When Putin’s January 2007 visit yielded no visible progress on the reactors, India’s newspaper The Telegraph faulted New Delhi’s “self-induced fears of negative U.S. reaction” for obstructing conclusion of a more substantial agreement. The agreement, the paper argued, could reinforce India’s negotiating position with the United States on their detailed bilateral nuclear cooperation agreement because, “Moscow has offered India full transfer of nuclear technology, assured lifetime supply of fuel for the nuclear power plants and the freedom to reprocess the spent fuel – all restricted or prohibited under the Hyde Act [the December 2006 U.S. law that sets out requirements for the U.S.-India agreement].” Therefore, the paper continued, the Russian agreement could potentially “become a model agreement to negotiate with the other suppliers” and could strengthen India’s “bargaining position.” [29] A January 26, 2007, editorial in The Hindu similarly argued that, upon conclusion of the agreement, “Moscow, in effect, will be demonstrating its belief in the irrelevance of the NSG’s prohibitions for a country like India.” [30]

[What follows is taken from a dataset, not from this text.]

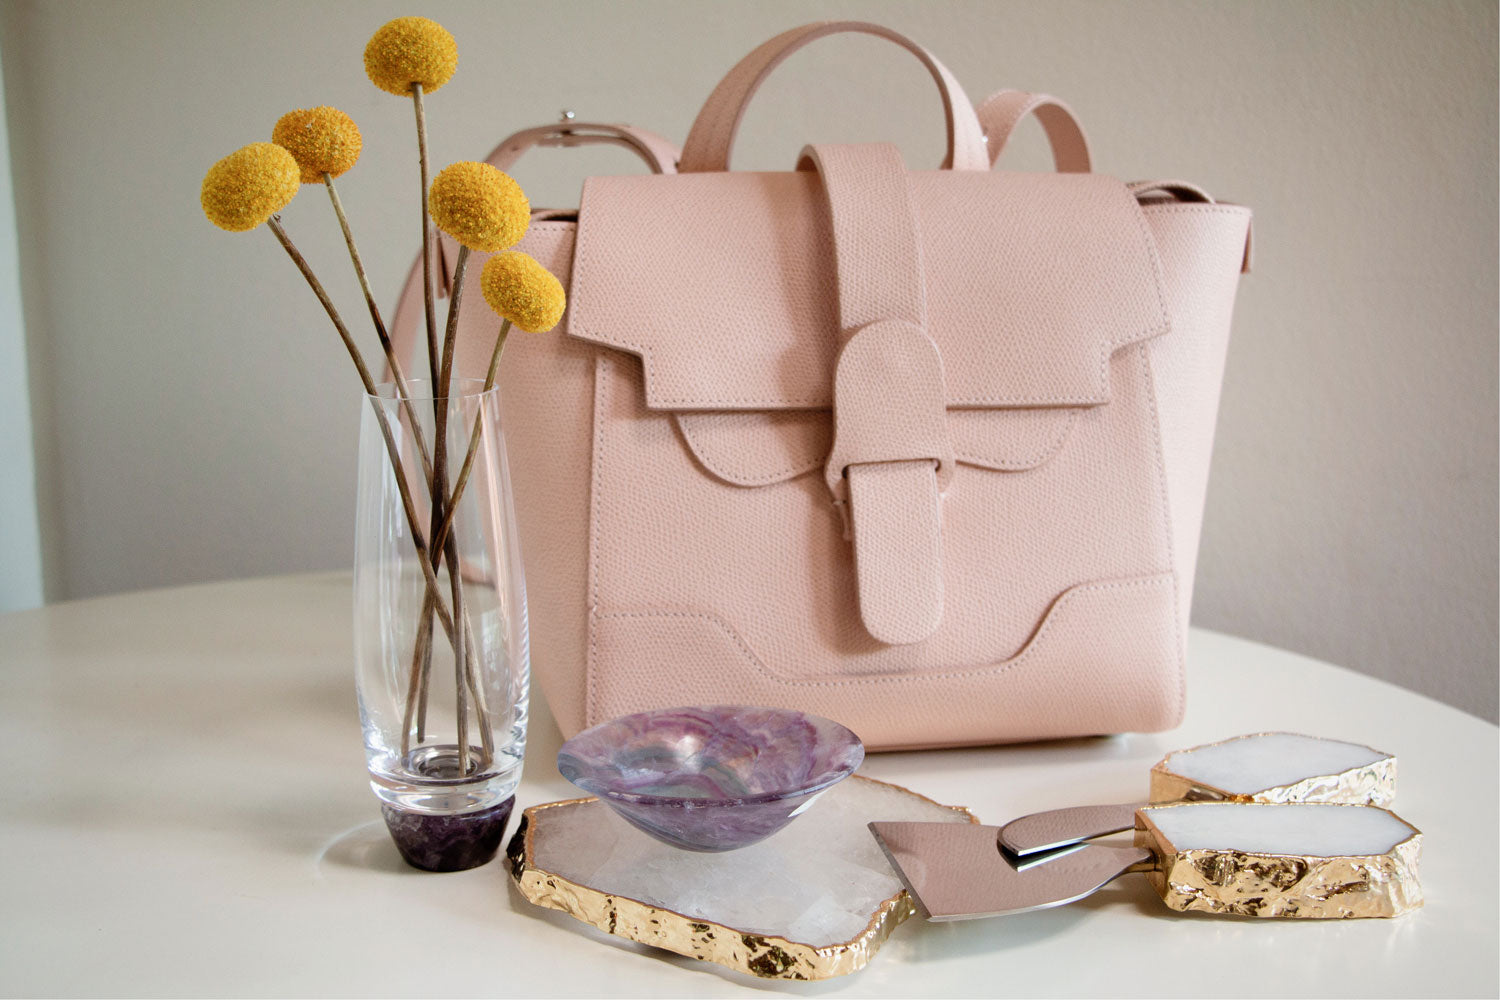 SENREVE Maestra Bag with ANNA products

Moscow and New Delhi had been expected to solidify an operational construction agreement during Indian Prime Minister Manmohan Singh’s November 2007 visit to Moscow. However, when Singh left Moscow empty-handed, commenting that “an inter-governmental agreement … [was] in progress,” he set-off a firestorm of speculation.[31] The Hindu reported that the Singh government had backed down from signing the agreement for additional reactors. The paper quoted Russian sources as saying that India’s refusal “came as a surprise” to the Russian delegation and that “the talks had been hard, but we thrashed out all details and took care of legal traps.” [32] On November 15, 2007, the Times of India reported that Singh told Putin that India wanted to wait until a “full and clear” NSG exemption materialized – and Putin reportedly agreed to wait. [33] Because of his perceived failure to sign the agreement, however, a December 4, 2007, issue of India’s The Asian Age reported that Singh “faced ‘concerted attack’” from members of India’s upper house of parliament (the Rajya Sabha). Bharatiya Janata Party (BJP) leader Yashwant Sinha argued that the Singh government had “come under U.S. pressure and did not sign the agreement,” even though Russia was ready to breach its commitment to the NSG – a charge that Singh was quick to rebut as “false propaganda.” [34]
A December 3, 2007 editorial in the Indian Express sided with Singh in dismissing the discussion of “missing Russian reactors” as a “gigantic self deception” and a “conspiracy theory.” The paper stressed that both Russia and France had admitted to facing the same NSG roadblocks in cooperation with India as early as 2004, and argued that the January 2007 agreement with Russia was signed as the Singh government tried to “appease the communists” and “create the optics of a special nuclear relationship with Moscow.” [35] The trade journal NuclearFuel revealed additional details of the November 2007 meeting in Moscow. Russian officials reportedly wanted the language of the agreement to stipulate its entry into force upon India’s acquisition of an NSG exemption, while Indian officials desired that the agreement “be written so as to be valid whether or not the NSG lifts sanctions.” NuclearFuel further quoted Russian sources as saying that the final decision to delay conclusion of the agreement was Russia’s, not India’s, decision. [36] Therefore, speculation and past Russian deviations aside, there is no evidence to suggest Moscow is now willing to break the NSG consensus on the India issue. Furthermore, the symbolic value for India’s future negotiations with the U.S. of inking a “firm” agreement with Russia for additional Kudankulam reactors appears to have been overstated for the time being.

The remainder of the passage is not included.